Trying to Get My A/C System Through the Summer (Part II)

Rob Siegel

A few weeks ago, I wrote a piece about “the good kluge.”

Just so we’re clear, what I describe below is not one of them.

Last week, I talked about the A/C in my 2008 Nissan Armada having a leak that was small enough that I could keep topping it off with a can of R134a about once a month. The leak, discovered by using dye and a U/V light, was in the condenser, a part that costs about a hundred dollars but is a non-trivial amount of work to replace due to the way that the radiator, condenser, transmission cooler, and fans are packed in the nose. Unfortunately, the A/C also would mysteriously switch off. It was unclear to me whether or not the two problems were related. I wanted to defer the condenser replacement until fall, but I also wanted working A/C.

When the shut-off problem initially cropped up, it was a mid-level inconvenience. I was barely using the truck anyway. It had been mostly sitting at the end of the driveway waiting for me to use it to snag and tow home some cool car, which has more to do with my self-image than actual reality or need. But then a good friend of mine had some personal issues that resulted in my loaning him my daily-driver 2003 BMW 530i. While I have several air-conditioned vintage cars, keeping them out of traffic and rain and in compliance with the terms of my Hagerty policy has meant that the Armada and its wonky A/C system has been pressed into service.

Hack Mechanic AC System 635 csi
The Armada in its usual spot at the unfashionable south end of the driveway.Rob Siegel

I ran the system multiple times and verified that, when the A/C worked, the reading on the red high-side gauge increased and that on the blue low-side gauge decreased, validating that the compressor was doing its thing. The high-side reading, though, appeared to be slightly lower than what the A/C section of the Nissan factory service manual (FSM) listed it should be for 90° temps, likely indicating that the system was slightly undercharged. Unfortunately, it’s not really feasible to drive with the manifold gauges attached and placed where you can safely see them. You need to instead infer the operation of the compressor by the vent temperature. This seat-of-the-sweat-glands method told me that, when it got toasty in the car, the compressor wasn’t, uh, compressing. This was confirmed by stopping, popping open the hood, looking down at the compressor, and seeing that the magnetic clutch wasn’t engaged (the pulley was spinning but the nose that pokes through it was stationary).

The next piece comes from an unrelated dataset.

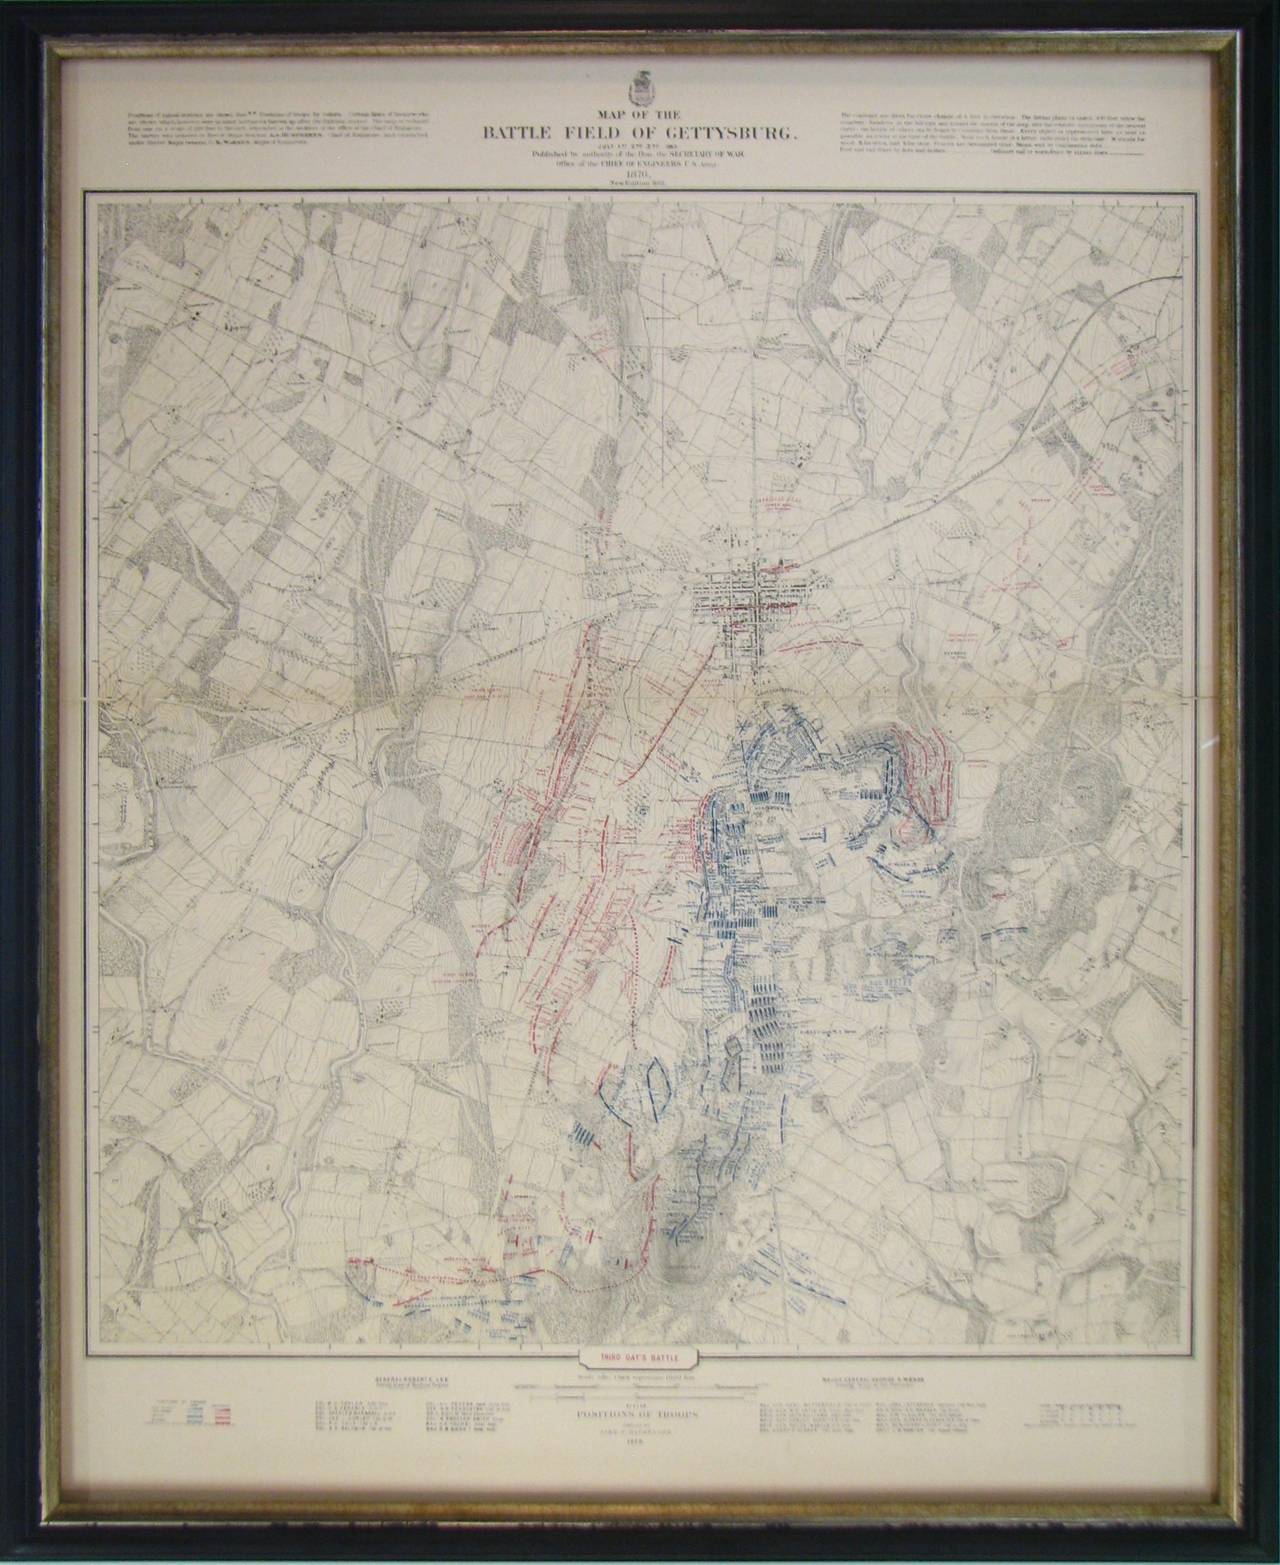 This is the 1876 first edition of John B. Bachelder’s three-part set of Gettysburg battlefield maps.  This is by far the finest early depiction of the largest and bloodiest battle ever fought on American soil, believed by many to have marked the

Usually, as part of this test, you’d verify that voltage is reaching the compressor, and maybe hot-wire it to the battery to make sure that the clutch engages and it comes on. Unfortunately, the connector on the Armada’s compressor is very difficult to reach, and is one of those little Japanese puzzles where you need to depress a tiny tab with a fingernail while you pull the halves apart. I eventually managed to separate it, but instead of finding a standard flat quick-connect terminal, there was a tiny pin with no easy way to connect to it. So instead, I used one of those wire-insulation-piercing splice adapters that are often used to tap into key-on accessory wires to install a radio. Really, I recommend that you not do this, and I strongly recommend that you not drive a vehicle this way, as you’re defeating sensors that are in place to protect the compressor and the A/C system as a whole. But I found out what I needed to, which was that with the compressor running, the system began blowing cold again.

So, something was shutting off the compressor. But what? Last week I showed a couple of diagrams from the factory service manual and quoted the description of the complicated relationship between several control modules and half a dozen sensors that results in compressor turn-on or its failure. I read a cluster of posts on the Armada forum implicating the evaporator “intake sensor” and listing symptoms identical to mine that went away with its replacement, but swapping it out ($60 and ten minutes) made no difference.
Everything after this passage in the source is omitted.